II. Le jugement rendu le 16 décembre 2011 par le Tribunal correctionnel de l'arrondissement de Lausanne est confirmé selon le dispositif suivant :
"I. Libère R.G.________ des chefs d'accusation de menaces, actes d'ordre sexuel avec des enfants, actes d'ordre sexuel commis sur une personne incapable de discernement ou de résistance.
II. Rejette les conclusions civiles prises par F.R.________.
III. Fixe à 11'239 fr. 95, débours et TVA inclus, l'indemnité due par l'Etat de Vaud au conseil d'office LAVI d'A.R.________ et F.R.________, Me Matthieu Genillod.
IV. Fixe à 20'844 fr. 45 l'indemnité due par l'Etat de Vaud à R.G.________ pour l'exercice de ses droits de procédure couvrant les indemnités de ses défenseurs d'office Jean-Samuel Leuba par 8'270 fr. et Gilles Monnier par 12'574 fr. 45.
V. Ordonne le maintien au dossier du DVD et de la cassette vidéo répertoriés sous fiche 1732 au titre de pièces à conviction.
VI. Laisse les frais de justice à la charge de l'Etat.
III. Les frais de la procédure d'appel, par 5'838 fr. 70 (cinq mille huit cent trente-huit francs et septante centimes), y compris l’indemnité allouée à son conseil d’office par 2'938 fr. 70 (deux mille neuf cent trente-huit francs et septante centimes), TVA et débours inclus, sont mis à la charge de F.R.________, personnellement et en sa qualité de représentante de son fils.
IV. Une indemnité à la charge de l'Etat d'un montant de 2’764 fr. 90 (deux mille sept cent soixant-quatre francs et nonante centimes), TVA et débours compris, est allouée à R.G.________.
V. F.R.________ ne sera tenue de rembourser à l'Etat le montant de l'indemnité en faveur de son conseil d'office prévue au ch. III ci-dessus que lorsque sa situation financière le permettra.

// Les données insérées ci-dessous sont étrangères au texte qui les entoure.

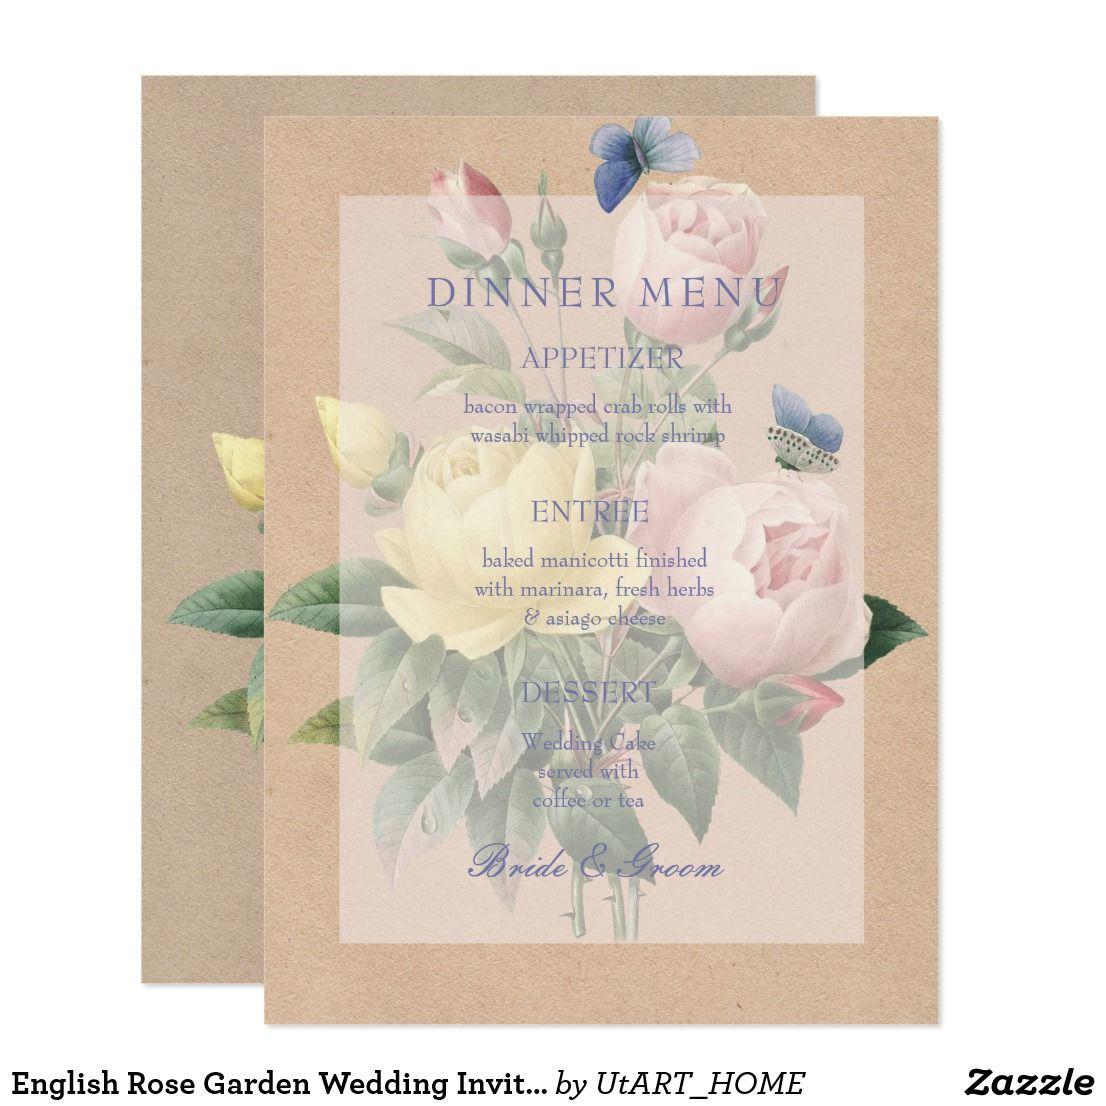 English Rose Garden Wedding Invitation Menu

VI. Le jugement est exécutoire.
Le président : Le greffier :
Du 26 avril 2012
Le dispositif du jugement qui précède est communiqué à l'appelante et aux autres intéressés.
Le greffier :
Du
Le jugement qui précède, dont la rédaction a été approuvée à huis clos, est notifié, par l'envoi d'une copie complète, à :
- Me Matthieu Genillod, avocat (pour F.R.________ et A.R.________),
- Me Gilles Monnier, avocat (pour R.G.________),
- Ministère public central,
une copie du dispositif est adressée à :
- Ministère public de la Confédération,
- Ministère public de l'arrondissement de Lausanne,
- M. le Président du Tribunal correctionnel de l'arrondissement de Lausanne,
par l'envoi de photocopies.
Le présent jugement peut faire l'objet d'un recours en matière pénale devant le Tribunal fédéral au sens des art. 78 ss LTF (loi du 17 juin 2005 sur le Tribunal fédéral – RS 173.110), cas échéant d'un recours constitutionnel subsidiaire au sens des art. 113 ss LTF. Ces recours doivent être déposés devant le Tribunal fédéral dans les trente jours qui suivent la notification de l'expédition complète (art. 100 al. 1 LTF).